And that was that. For some reason, Anne and I couldn’t bring ourselves to challenge them over their odd behavior, perhaps from fear of provoking something worse. Dawn found us on the top of the balloon, bristling with knives and harpoons, shivering in the cold predawn air of the altitudes.
Crossbow was tramping around one particularly large cell. “Here, this one looks good,” it said. “I won’t guarantee that it will be an easy landing, but it should slow down the three of us considerably.”
“The three of us?” Anne said. She hugged her elbows and shivered. Her pleasant, broad-cheeked, freckled face was peeling horribly, skin shredding off in thin, dirty, tenuous sheets.
“Yes,” Crossbow said. “I think the Chairman should take the parachute, don’t you?” Anne nodded at once, self-sacrificing to the point of masochism, and I was willing to go along.
“Let’s start by scraping off this luminescent gel,” Crossbow suggested. “It seems to generate heat as well as light, and it probably has something to do with the detonation.”
Anne, Crossbow, and I went to our hands and knees and began to scrape the yellow-greenish crust away with the blunt backs of our kitchen knives.
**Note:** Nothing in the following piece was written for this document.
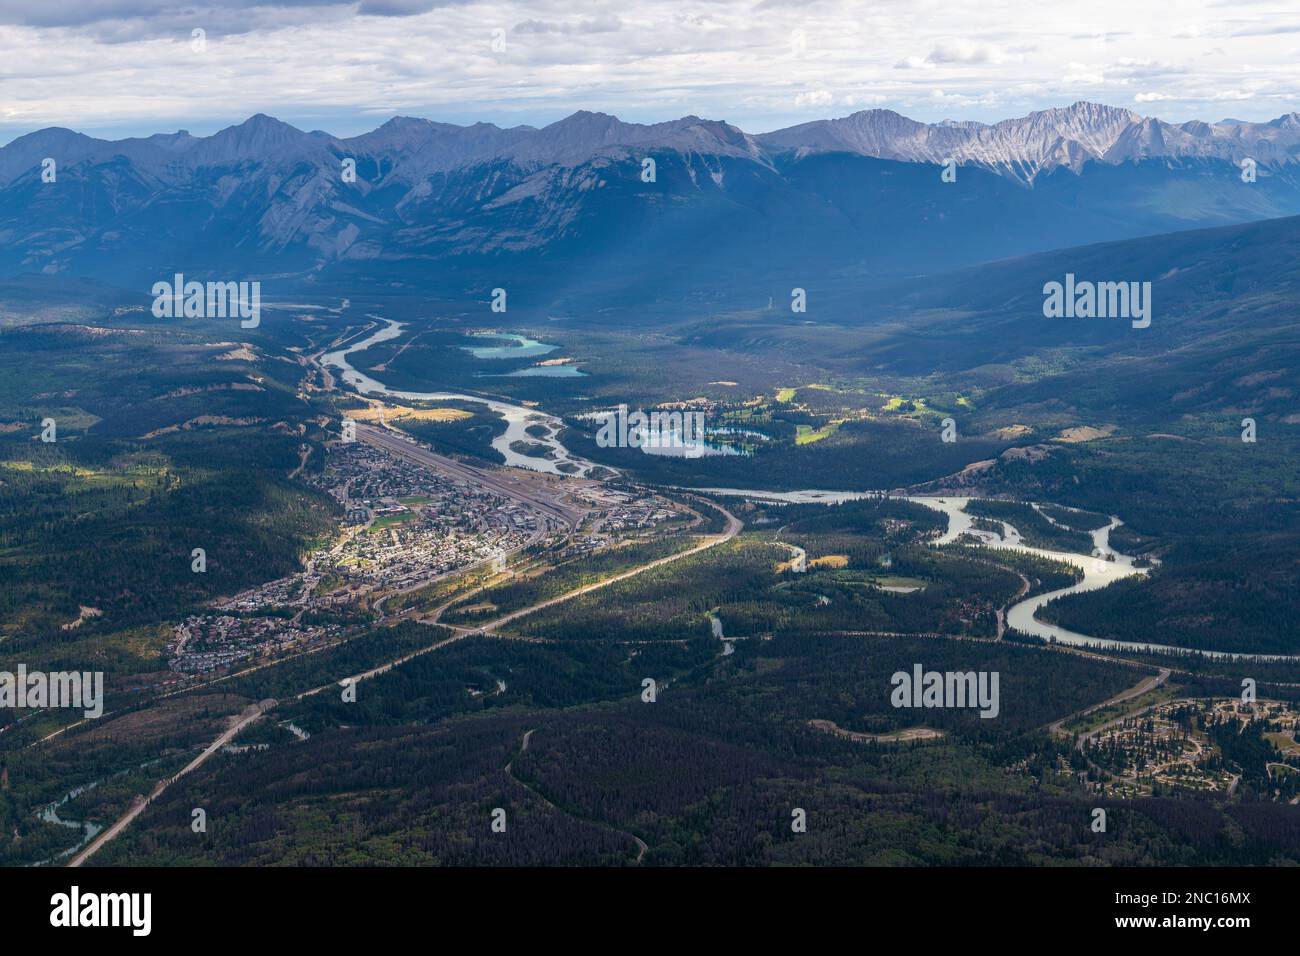 Jasper Stadt und Athabasca Flusslandschaft mit kanadischen rockies vom Whistlers Mountain aus gesehen, Jasper National Park, British Columbia, Kanada. Stockfoto

We wrinkled our noses at the sharp chemical reek of the glowing paste. Moses collected it in a broad scrap of fabric, then walked to our balloon horizon to fling it over the edge and down to the mist-shrouded sea a mile below.
We soaked down the fabric with a little of the precious fresh water from a fish-bladder squeeze-bulb. “I hope this helps,” Crossbow said. “All right, now let’s attach the tethers.”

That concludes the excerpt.